» **Brief**
Repeat exactly the lines of the entries below from the one with "z grills smartphone" through the one with "Kate McEnroe New", both ends included, and nothing else.

» **Raw data**
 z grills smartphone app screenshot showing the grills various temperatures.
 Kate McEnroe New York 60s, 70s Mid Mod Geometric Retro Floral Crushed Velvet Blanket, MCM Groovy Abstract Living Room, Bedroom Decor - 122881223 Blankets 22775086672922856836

--

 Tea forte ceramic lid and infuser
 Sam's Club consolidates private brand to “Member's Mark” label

--

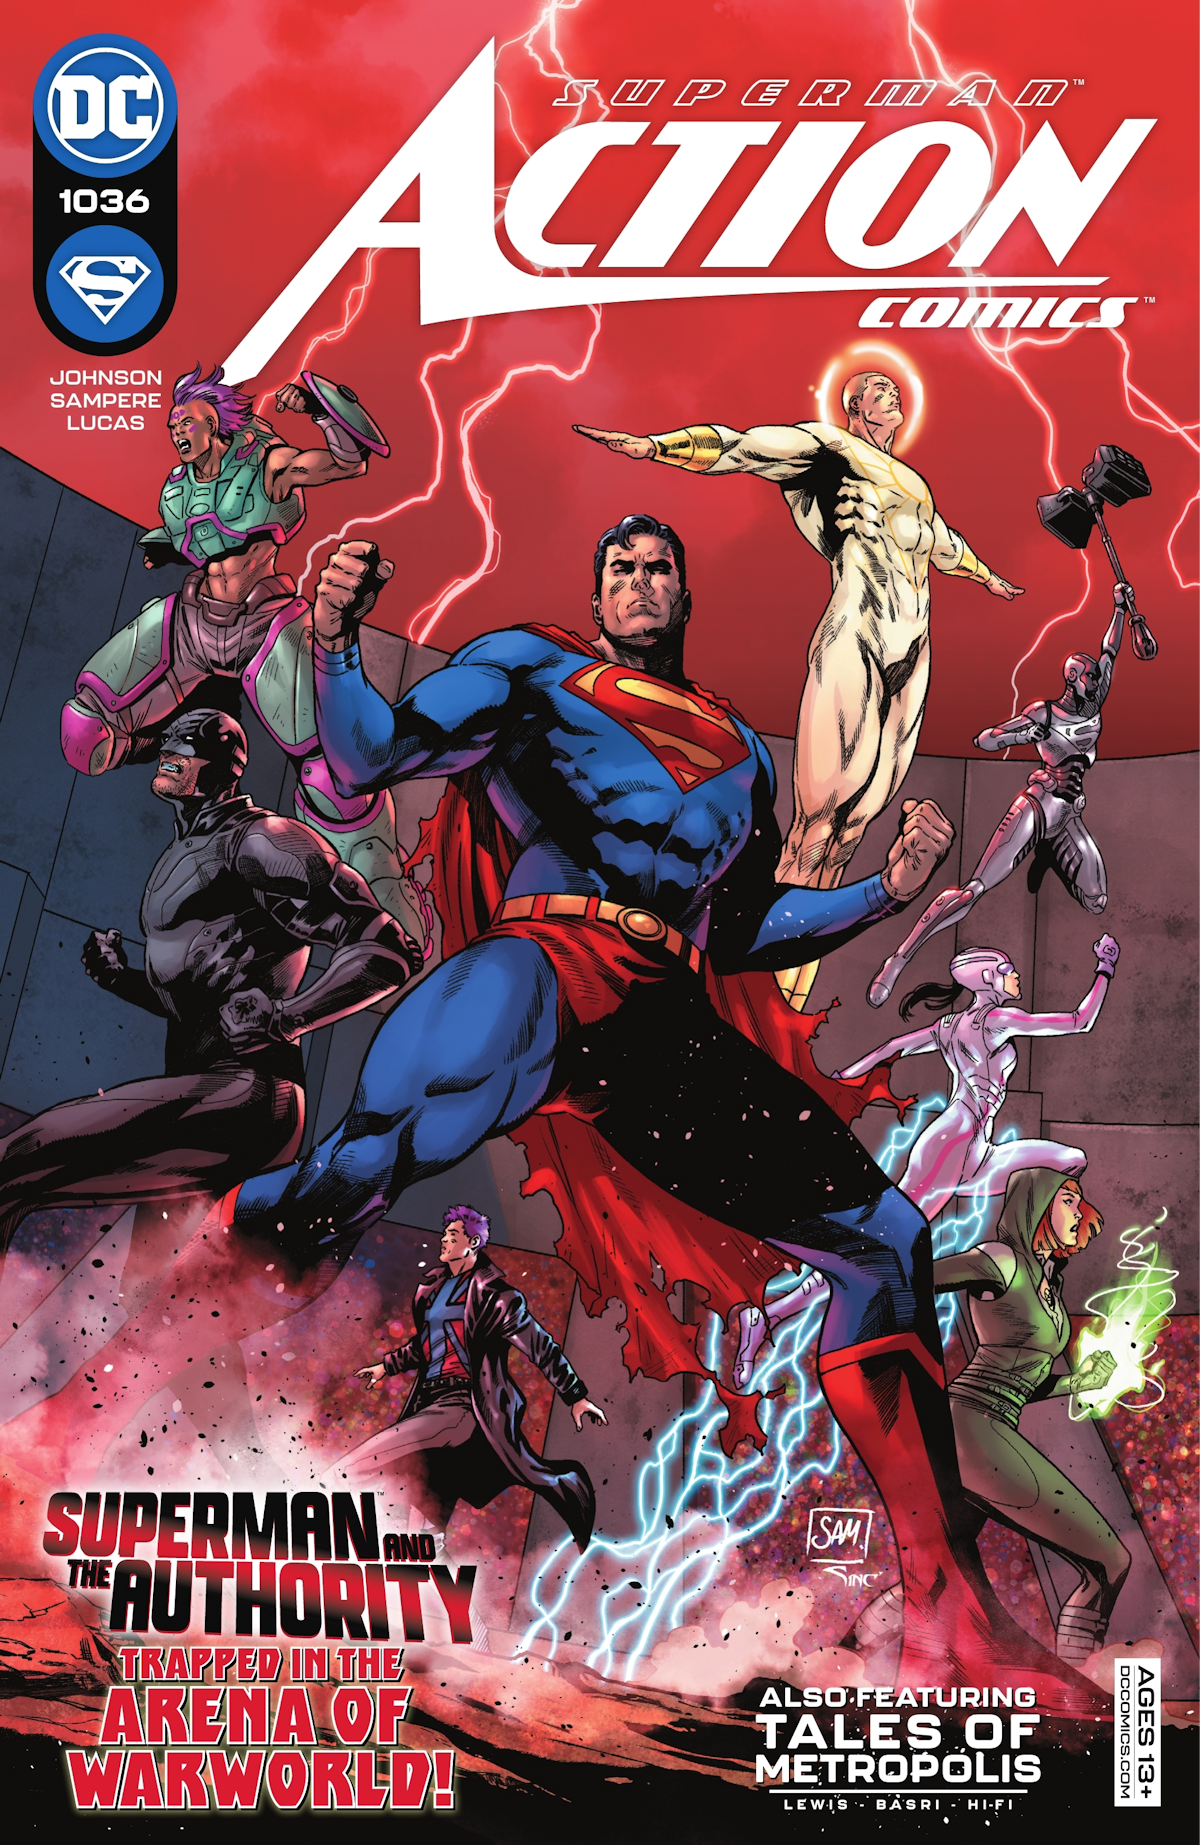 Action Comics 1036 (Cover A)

» **Exercise result**
 z grills smartphone app screenshot showing the grills various temperatures.
 Kate McEnroe New York 60s, 70s Mid Mod Geometric Retro Floral Crushed Velvet Blanket, MCM Groovy Abstract Living Room, Bedroom Decor - 122881223 Blankets 22775086672922856836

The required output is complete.